# #38530 \[SC-Low] Incorrectly Eliminated Code With Side Effect In Concat Args

**Submitted on Jan 5th 2025 at 22:03:33 UTC by @anatomist for** [**Attackathon | Ethereum Protocol**](https://immunefi.com/audit-competition/ethereum-protocol-attackathon)

* **Report ID:** #38530
* **Report Type:** Smart Contract
* **Report severity:** Low
* **Target:** <https://github.com/vyperlang/vyper>
* **Impacts:**
  * (Compiler) Incorrect bytecode generation leading to incorrect behavior
  * (Compiler) Unexpected behavior

## Description

## Brief/Intro

If `length == 0` or `length_bound == 0`, the `copy_bytes` function will discard all operations regardless of any potential side effect, leading to incorrect compilation. This may lead to `concat` args being eliminated.

## Vulnerability Details

The Concat builtin utilizes `copy_bytes` to copy arguments to the destination buffer.

```
class Concat(BuiltinFunctionT):
    ...
    def build_IR(self, expr, context):
        ...
        for arg in args:
            dst_data = add_ofst(bytes_data_ptr(dst), ofst)

            if isinstance(arg.typ, _BytestringT):
                # Ignore empty strings
                if arg.typ.maxlen == 0:
                    continue

                with arg.cache_when_complex("arg") as (b1, arg):
                    argdata = bytes_data_ptr(arg)

                    with get_bytearray_length(arg).cache_when_complex("len") as (b2, arglen):
                        do_copy = [
                            "seq",
                            copy_bytes(dst_data, argdata, arglen, arg.typ.maxlen),              #utilize copy_bytes
                            ["set", ofst, ["add", ofst, arglen]],
                        ]
                        ret.append(b1.resolve(b2.resolve(do_copy)))

            ...
```

Notably, `copy_bytes` may short circuit and eliminate the entire argument when it decides that `length_bound` or `length` is a constant 0.

```
def copy_bytes(dst, src, length, length_bound):
    annotation = f"copy up to {length_bound} bytes from {src} to {dst}"

    ...

    with src.cache_when_complex("src") as (b1, src), length.cache_when_complex(
        "copy_bytes_count"
    ) as (b2, length), dst.cache_when_complex("dst") as (b3, dst):
        assert isinstance(length_bound, int) and length_bound >= 0

        # correctness: do not clobber dst
        if length_bound == 0:
            return IRnode.from_list(["seq"], annotation=annotation)                             #short circuit 1
        # performance: if we know that length is 0, do not copy anything
        if length.value == 0:
            return IRnode.from_list(["seq"], annotation=annotation)                             #short circuit 2
```

In most cases, length for `_BytestringT` should not be 0, since type annotations must have size greater than 0, however, this is not guaranteed for "literal-like arguments". For example, the expression `b"" if True else b""` will not have a fixed size and only have a `min_size = 0`. This is usually mitigated downstream when assigning the literal to a variable, since further usage of the variable will use the type annotation of the variable instead of the literal. Unfortunately, if we pass the "literal-like argument" directly to a function, this assumption breaks.
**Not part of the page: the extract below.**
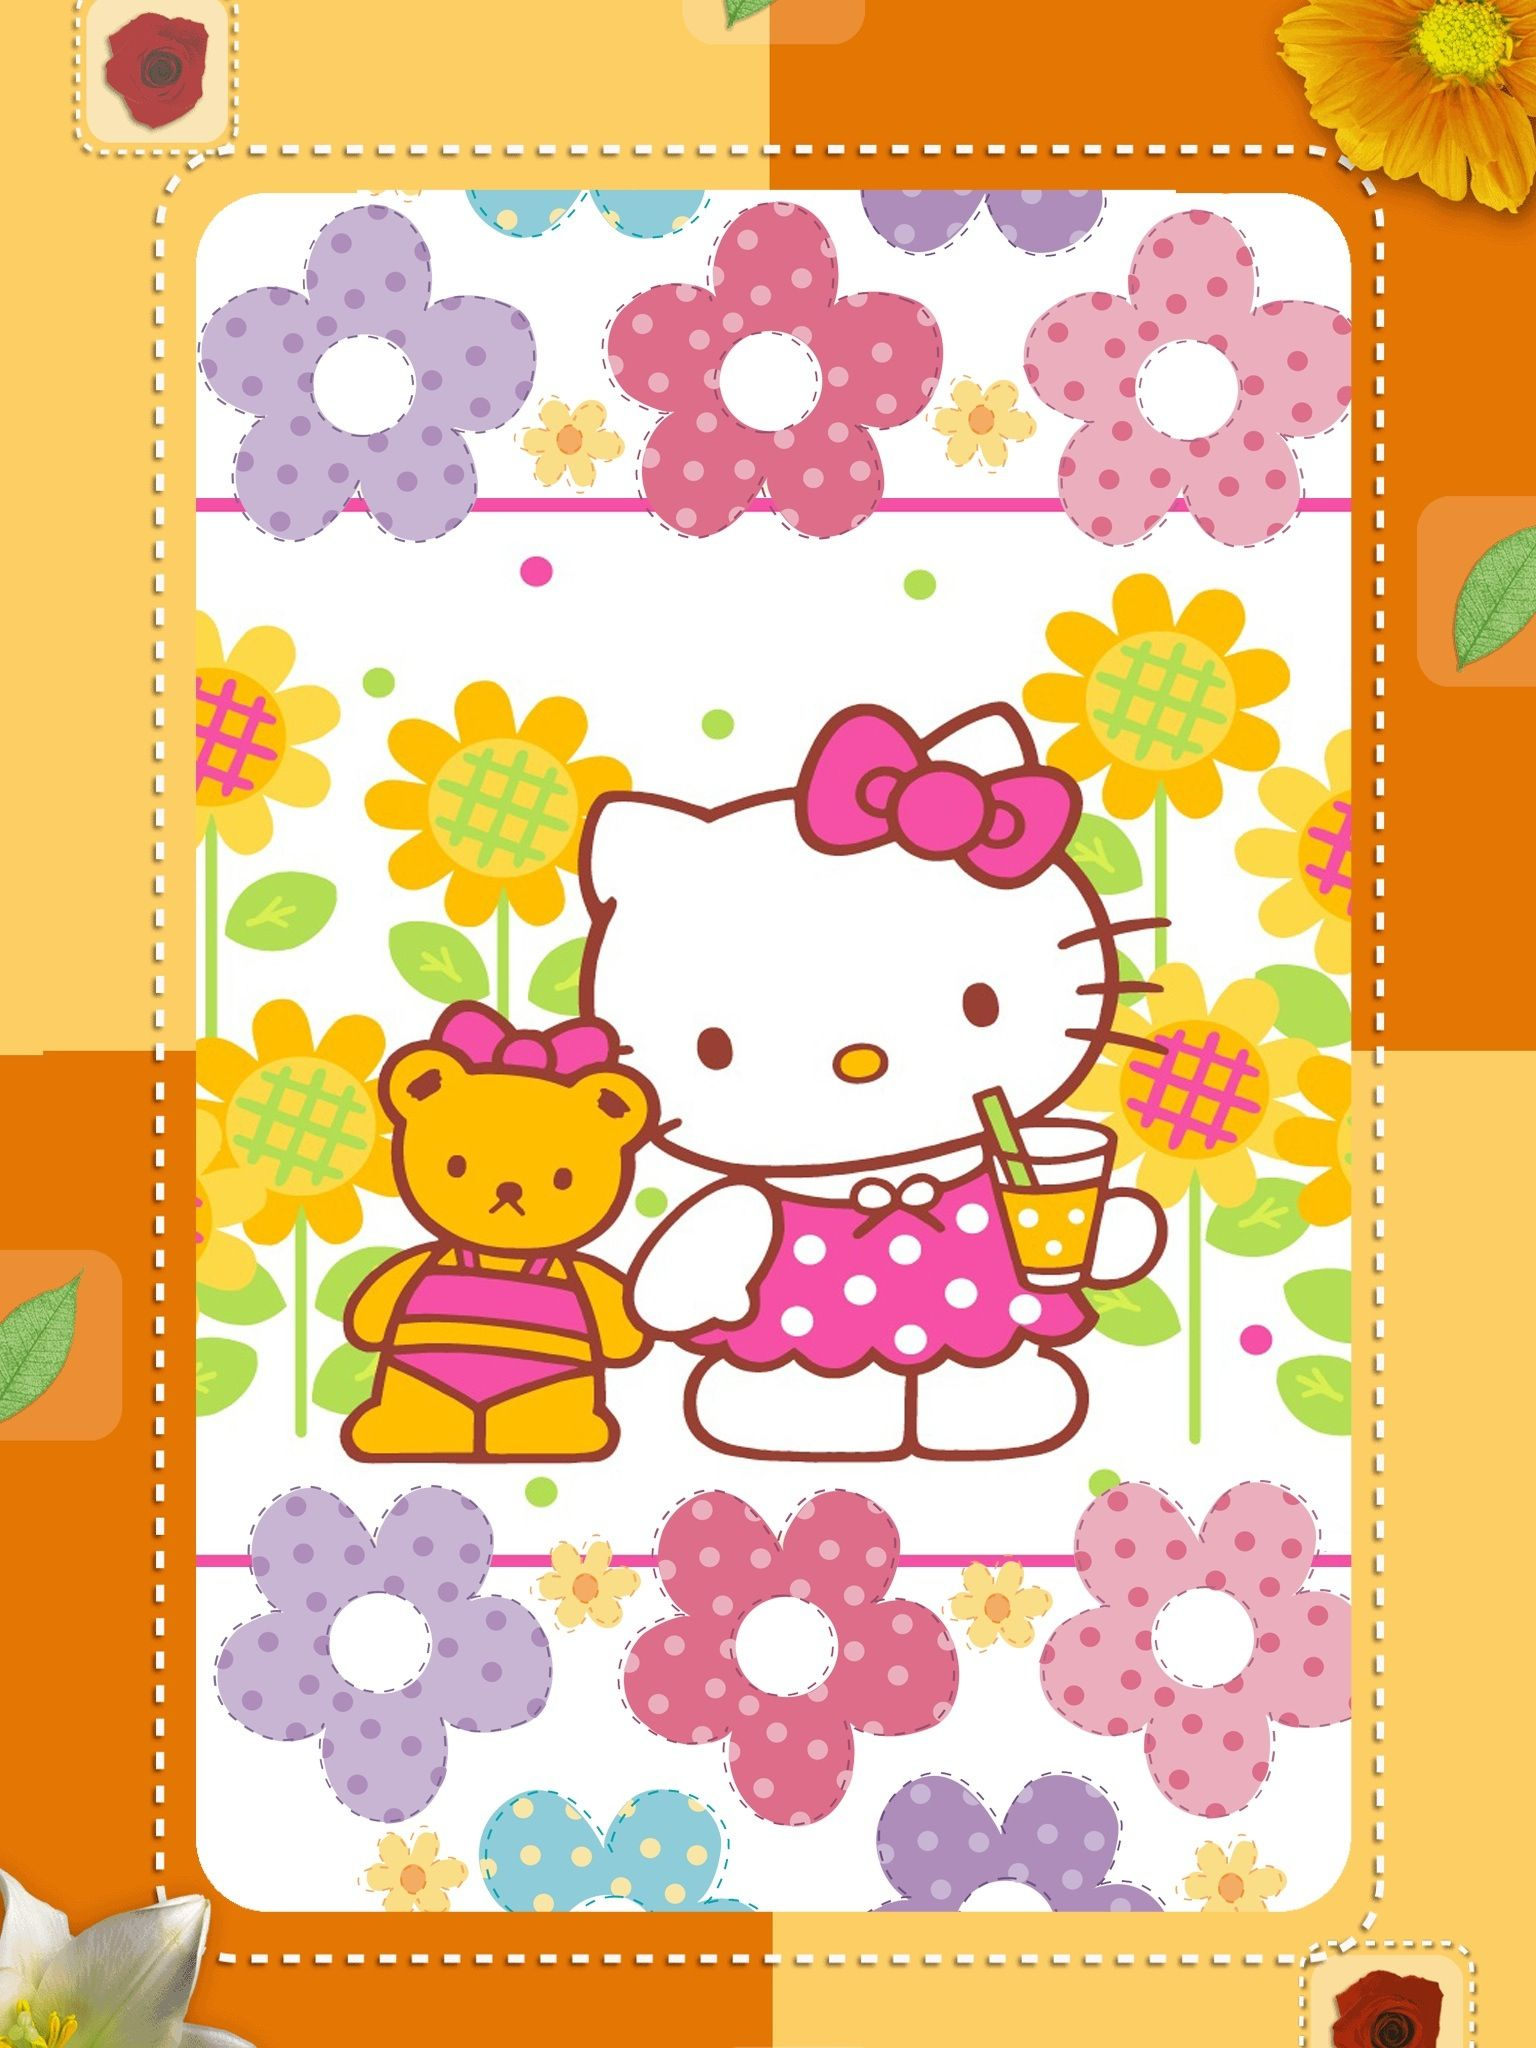 Amazing Wallpaper Hello Kitty Orange - 7cfd7e83fff3b2e43814bef58c43af60  Snapshot_983283.jpg
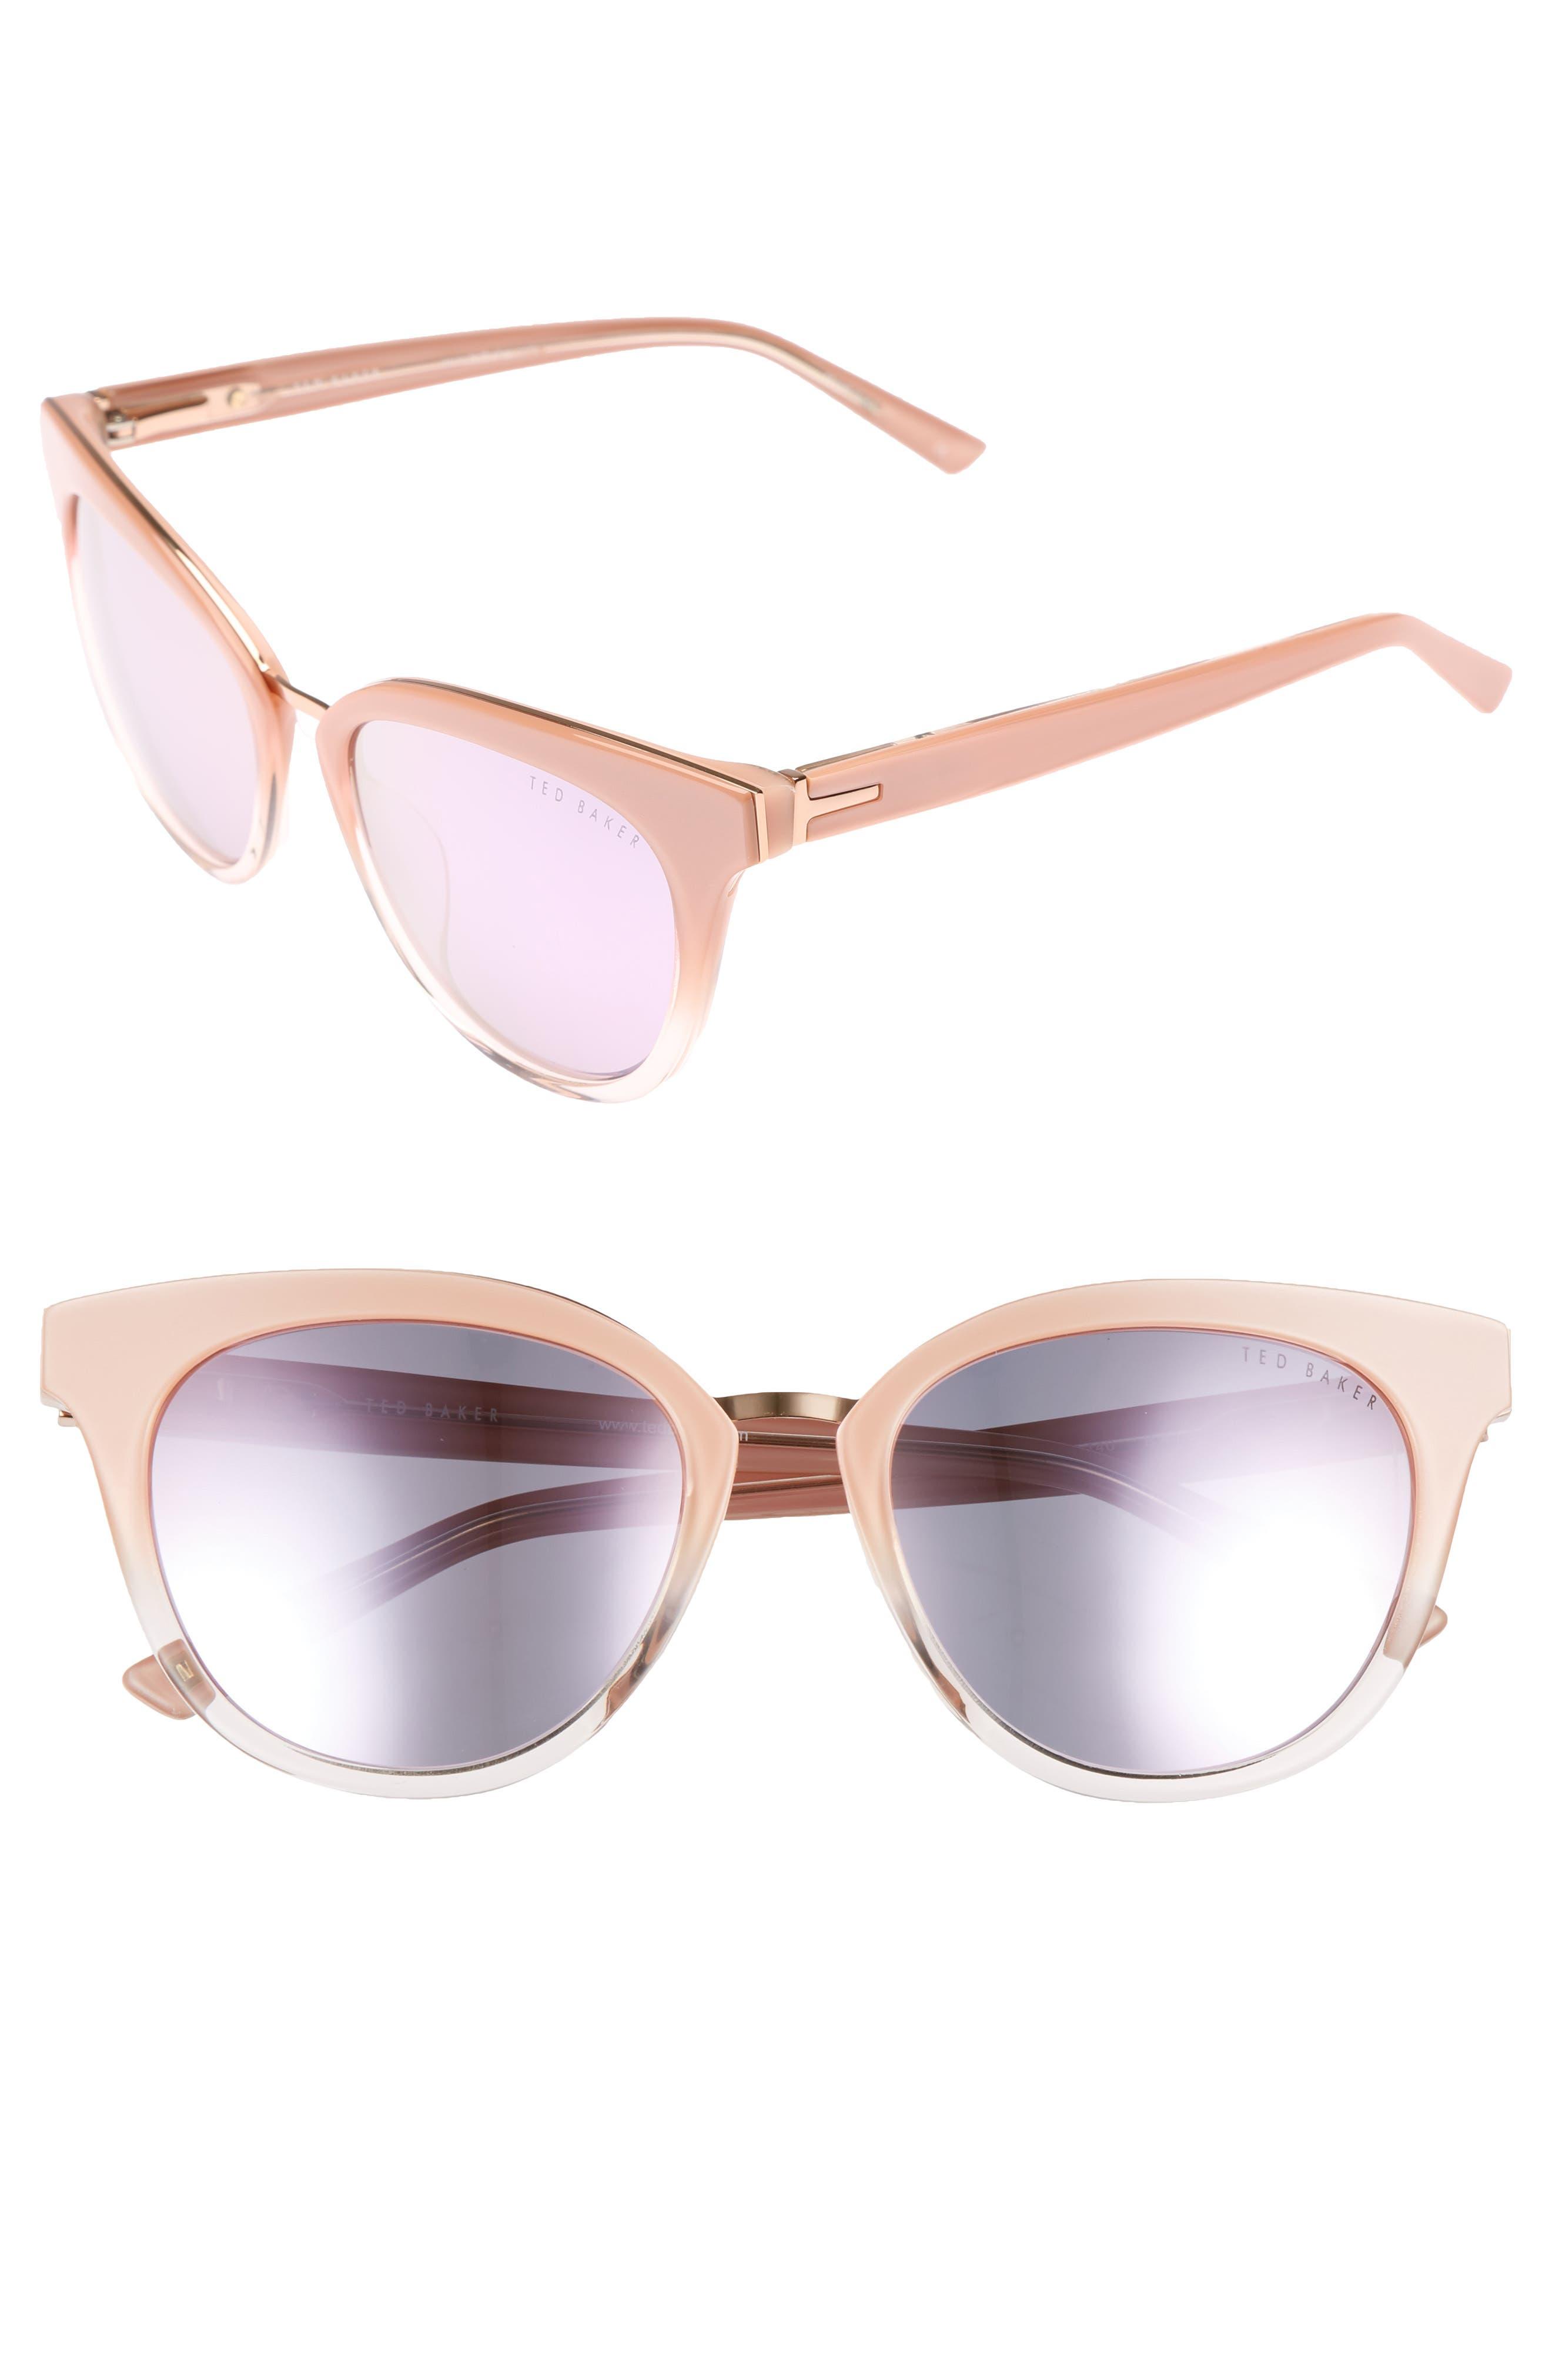 53mm Cat Eye Sunglasses,                         Main,                         color, Blush

For example, the following code passes a 0 length `_BytestringT` to `copy_bytes`, and consequently, the `ifexp` is eliminated.

```
x: bool

def test():
    a: Bytes[256] = concat(b"" if self.sideeffect() else b"", b"aaaa")

def sideeffect() -> bool:
    self.x += 1
    return True
```

Similar to #37985, this is once again a premature optimization resulting in incorrect code emission. This category of bugs are probably not particularly impactful since they all require developers to write "strange code", but it has started to become a recurring scheme, so it's probably worth some further scrutiny as well as developing a way to systematically scan and fix similar issues.

We already did a quick scan over the codebase and are reasonably sure `concat` is the only use site of `copy_bytes` susceptible to the bug, but variants of #37985 and other short circuiting code still require more analysis.

## Impact Details

Incorrectly optimizing out side effects can result in all kinds of unexpected behaviors in a contract, such as skipping critical checks performed in the incorrectly eliminated code, skipping important business logic, and more. This exposes language users to substantial risks.

## References

* `https://github.com/vyperlang/vyper/blob/a29b49d422f6979be2b9c6c80aa583a60b1ccb7f/vyper/builtins/functions.py#L574`
* `https://github.com/vyperlang/vyper/blob/a29b49d422f6979be2b9c6c80aa583a60b1ccb7f/vyper/codegen/expr.py#L152`
* `https://github.com/vyperlang/vyper/blob/9c98b3ed4a4fbb1a614e63f815617fc275a0d16a/vyper/codegen/core.py#L307`

## Proof of Concept

## Proof of Concept

Already shown in Vulnerability Details section.